They were married after the harvest, less than a year after his return. Everyone would have said that was long overdue, of course, but Leo hadn’t noticed. He’d been too busy spending time with Cynara while he worked through his complicated emotions and what he wanted versus what it was he thought he should be doing. Still, no matter what he thought the right thing to do was, his heart won out, and on a bright day, they stood before the entire village and said their vows.

It was a simple ceremony, as all things were in Wayward, but the cake that was served was made from real wheat that had been ground from their own fields and real sugar that had been boiled from sugar beats they’d only recently harvested. It was the best, and perhaps last, good day of Leo’s young life.

It had been so strange to see Cynara in a borrowed dress and blushing nervously, considering that he’d always looked up to her as a warrior first and foremost. Those days were long behind them now, though. He was taller than her now and had been for a long time, and even if she was four years older than him, he didn’t care. They were both in their twenties, and neither even remembered their parents, so it wasn’t like anyone could tell them what to do.
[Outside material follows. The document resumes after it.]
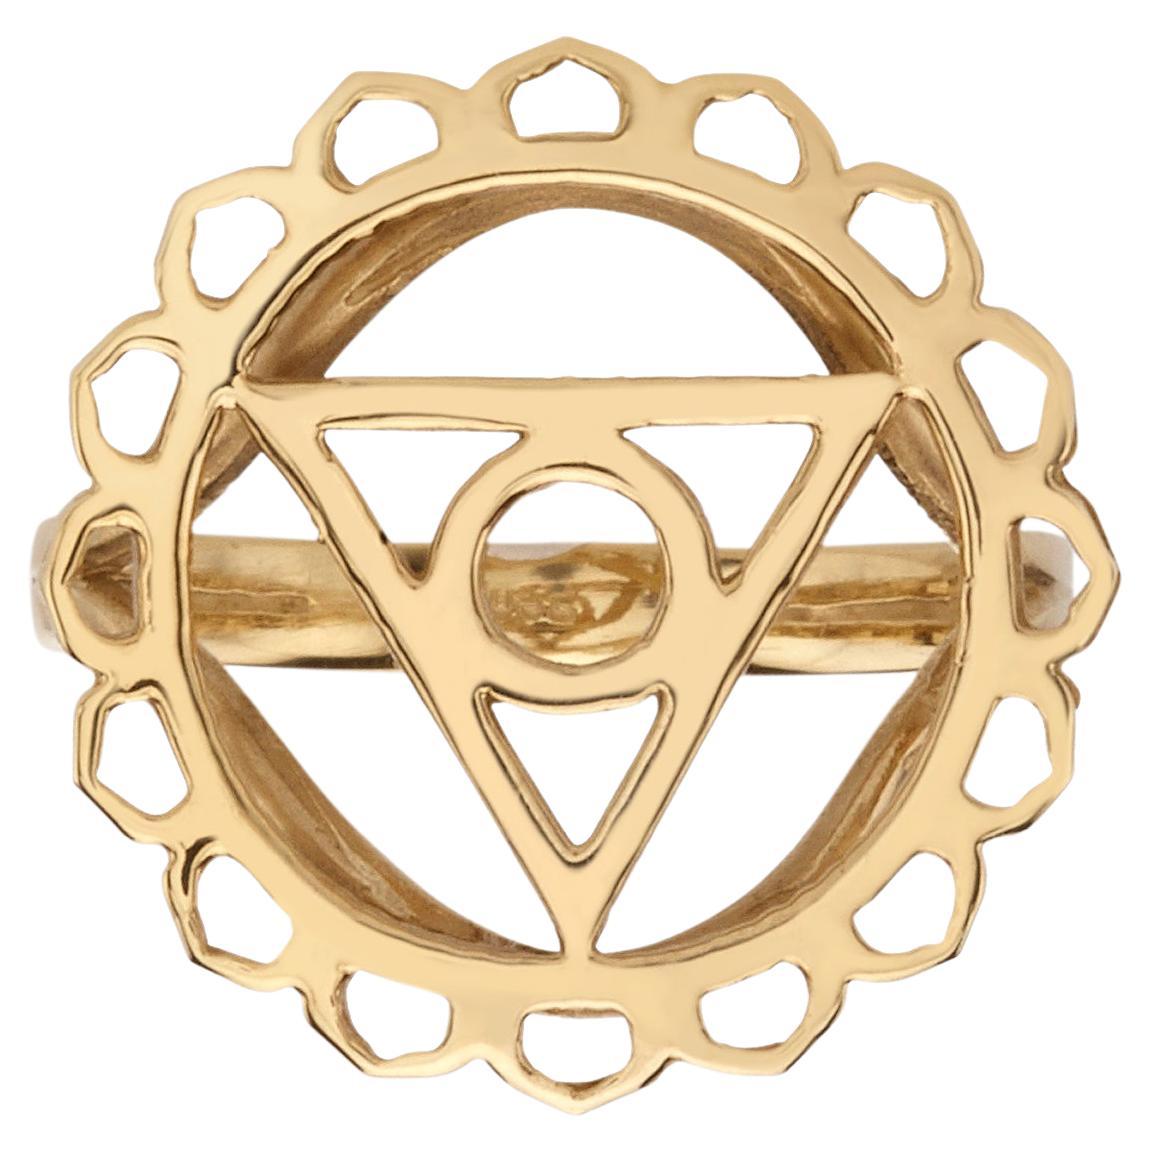 Handcrafted Yoga Ring with the Vissuddha Throat Chakra in 14Kt Gold

At this point, all either of them wanted was to be together, which was easy enough. Reggie and Toman were already helping Leo to build a small house for the two of them. By the time the first snows of winter fell, they would be safe and warm together in a way that no one could interfere with. At least, that was the plan. They never made it that far.

It was later evening, when the fires were lit and dancing was started that the thing struck. Leo had not noticed anything amiss in the woods while cutting down trees in the days leading up to his wedding, but then how could a man in love notice anything at all. The Lich might have hidden an army in the shadows of those groves, and he would have been too busy thinking about the way that Cynara’s hair smelled or the way her laugh sounded as he counted down the days to their blessed event.
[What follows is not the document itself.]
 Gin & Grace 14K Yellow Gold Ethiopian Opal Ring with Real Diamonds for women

So when the beast howled and smashed down the beginnings of the palisade that they’d been building to flinders, it took everyone by surprise. No one was wearing armor, and only a few people had anything, even approaching a weapon nearby, and the first man that the giant wolf-thing picked up and bit in half didn’t even have time to scream. He was just gone, and only his boots and a bit of his legs remained.

The next surprise, though, was when the thing spoke through its second head while it continued to devour with its first. “Yes! At last! We taste the light on this one. I have found it at last!”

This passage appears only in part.